The community actually voted against this measure, because the immutability of the blockchain was more important to them than the money lost. Vitalik did the hardfork anyway. Ethereum Classic is the original chain that got hacked. On the zeitgeist Ethereum, the chain rolled back and it never happened. The Ethereum Foundation then used its influence (and the money they pulled back) to basically force the crypto public into accepting the new chain.
The one good thing about that hardfork was that everyone got treated to a little bonus — two ETHs on two chains. Both had value. So if you only wanted to stay on one chain, you could sell the ETH on the other chain for a bit of cash. That will happen again this time. The difference is that now people are ready for it.
The more ETH you have on chain at the time of the fork, the more ETH you get on the new chain. The chain doesn't know whether this ETH is borrowed, stolen, whatever. So speculators are borrowing ETH to have a larger print when the hardfork occurs. They have to hold it until the fork, so there is less selling pressure. That's why you see the rise in price now.

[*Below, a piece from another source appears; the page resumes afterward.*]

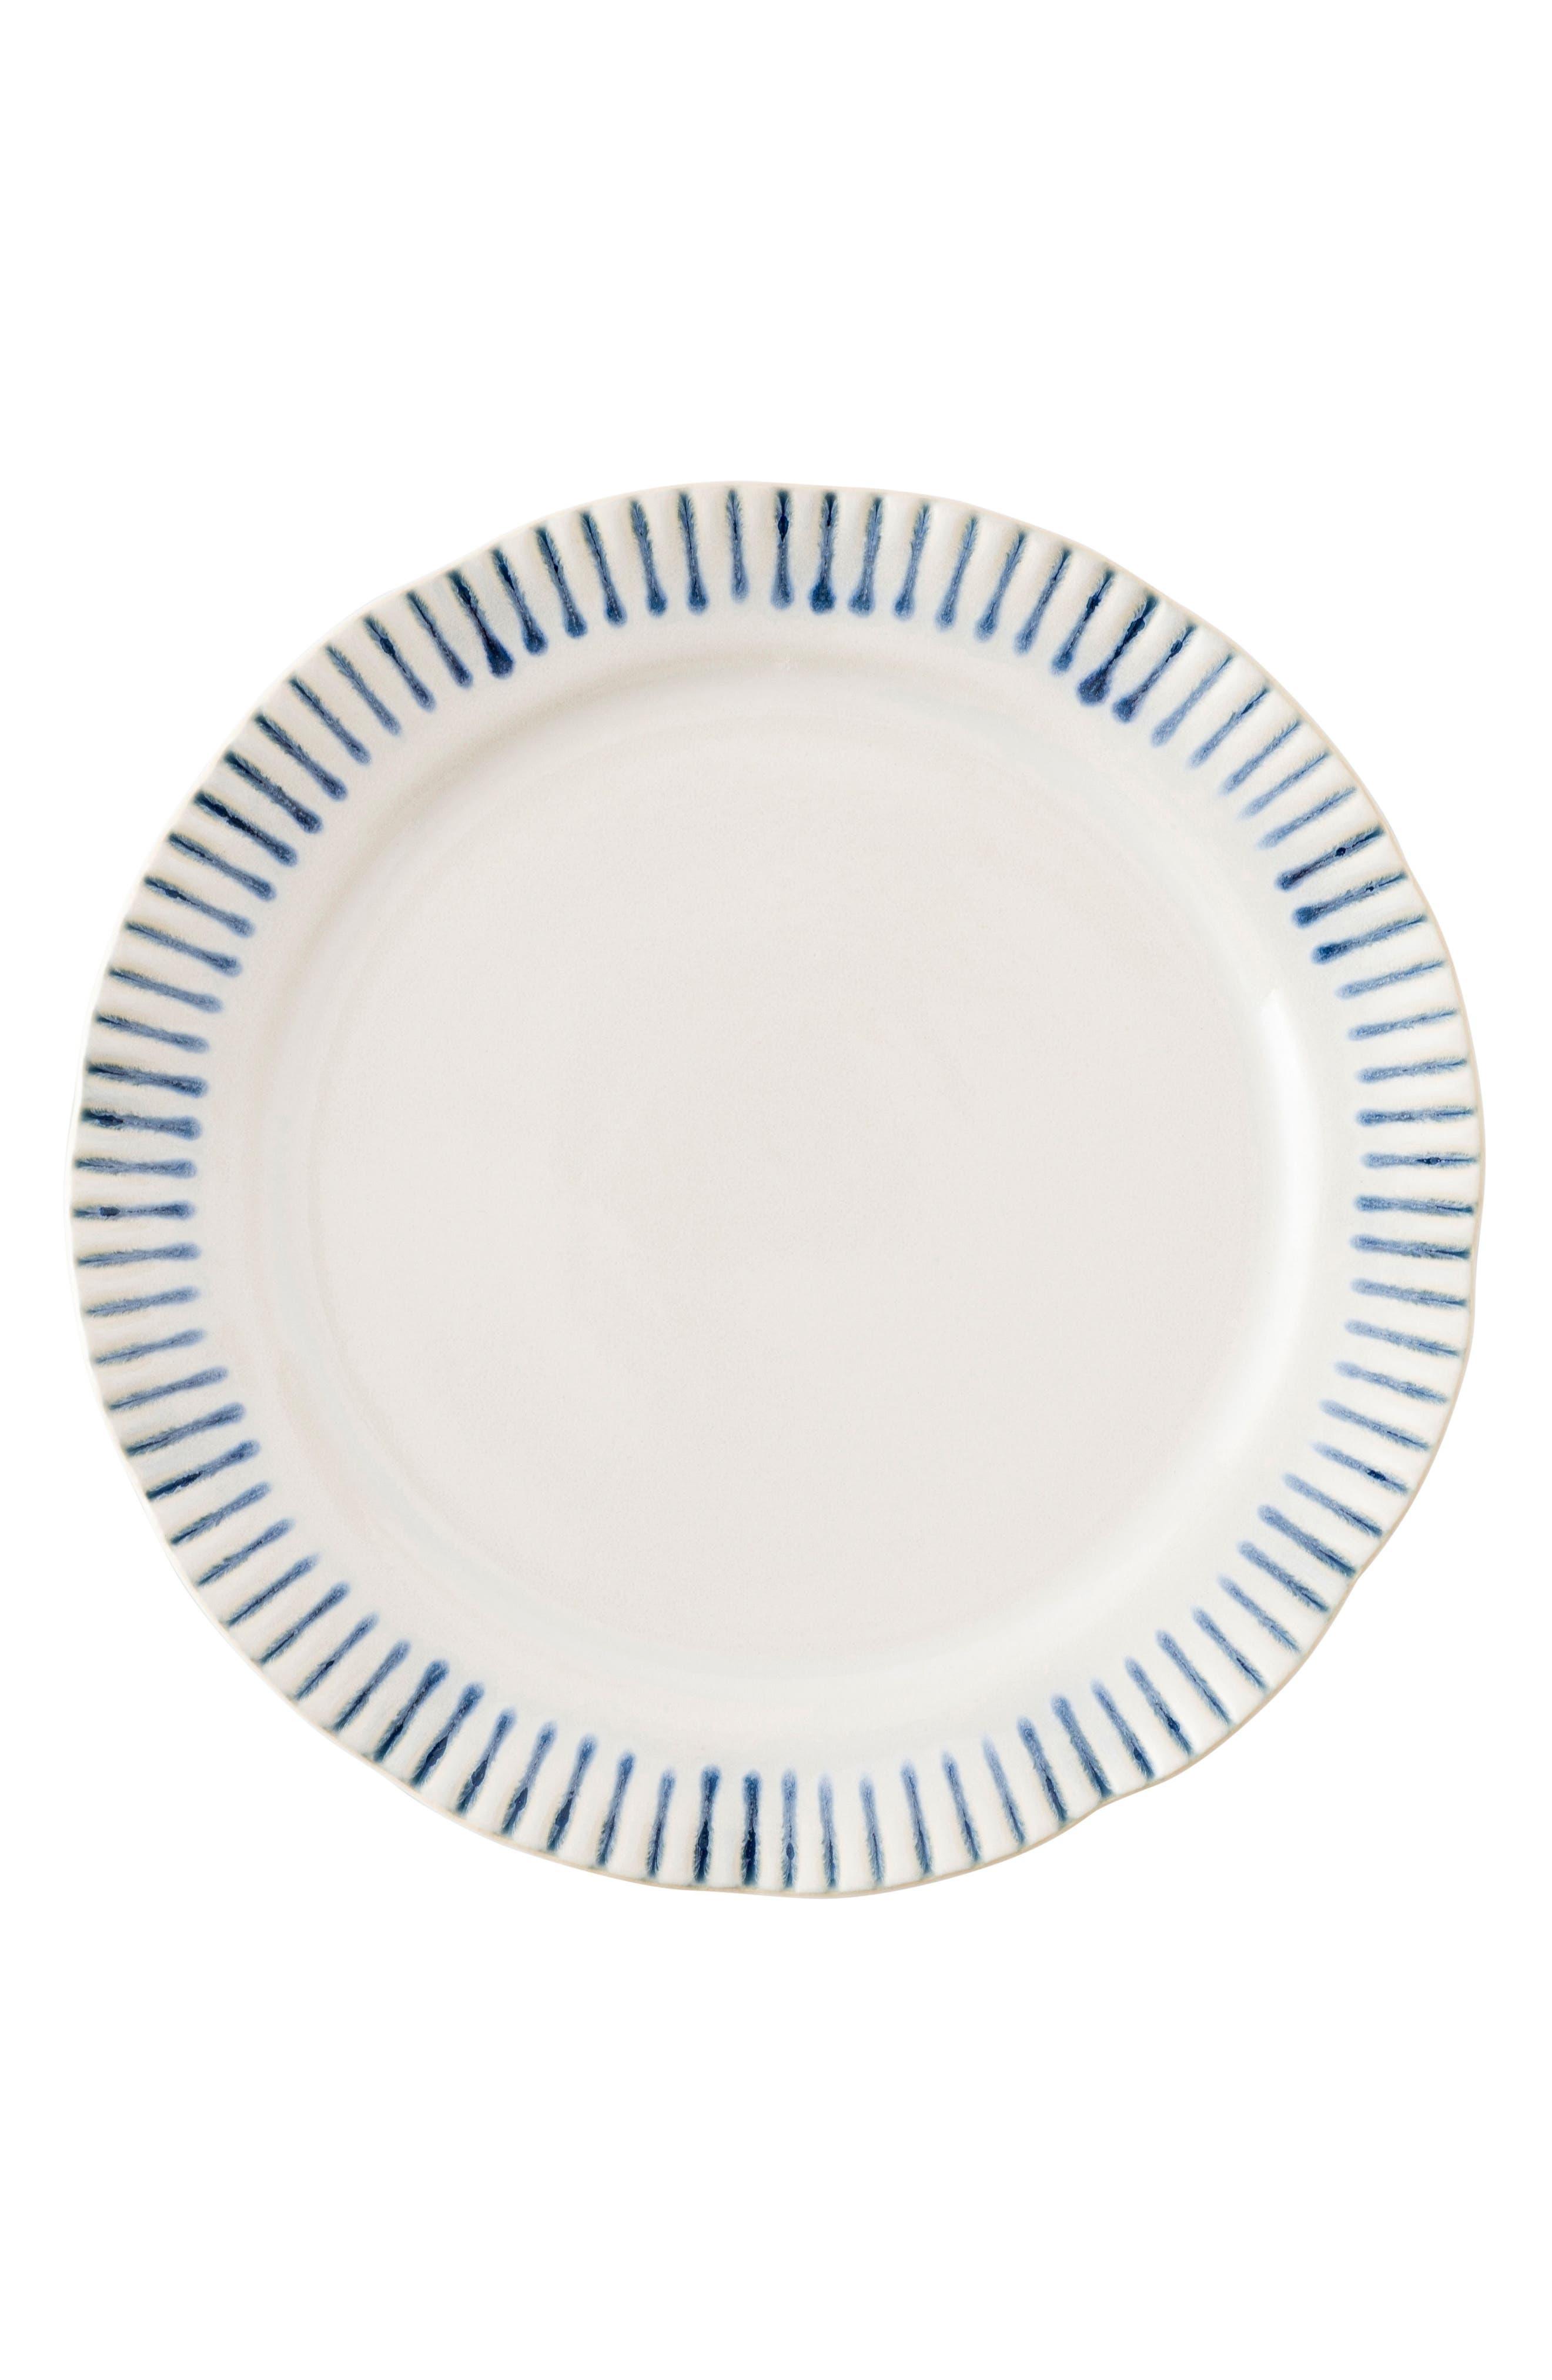 Sitio Stripe Stoneware Salad Plate,                             Main thumbnail 1, color,                             Indigo

The rise in price is not because fundamental investors believe in the "power of the fork." It's because of these speculators borrowing ETH and holding it. They will immediately sell after the fork, and they'll pay back the borrowed ETH, and the price will fall. Precipitously.
But how much will this new PoW ETH be worth? How much will it sell for? Is it even worth all of this trouble?
The price of PoW ETH depends on how much value is placed against that PoW ETH in liquidity pools. You can bet that exchanges and other big LP providers will be participating in the Mass Sale after the fork. So that value, as all these huge entities sell, will fall bigly. A uuuge drop. We can take a look at ETC to see how much this will affect the price — PoW ETH can look to stabilize at around 1% of ETH price, if we're lucky.
But as value comes out of the LPs, liquidity will fall as well. You'll pay higher slippage fees to move that PoW ETH into something you can sell crosschain like USDT. You'll also pay higher gas fees as everyone rushes to the exits. You may even get shutdowns on CEXes as with other large scale crypto events. You'll need to bridge your new coins onto another chain to use them. Bridges will fail or take huge chunks. All of those things will cost you.
There may also be liquidations as ETH borrowers are (somehow) surprised at the speed and weight of the fall back to earth. All of this means the price of ETH falls, which causes the price of PoW ETH to fall, which lowers your take.
So if the price of ETH is $1779 as I speak, and 1% of that is like $18, is all of this worth it to you?
It is if you have a ton of ETH, maybe less so if you don't have as much. Are you borrowing 2 ETH to try to make like $40 that you don't even know you'll be able to spend? I dunno.
I would just say keep all this in mind before you try to participate in what is sure to be another debacle. The fundamental utility of blockchains in general has not improved to the point where they can handle huge events like this without a ton of really annoying and expensive errors and lag.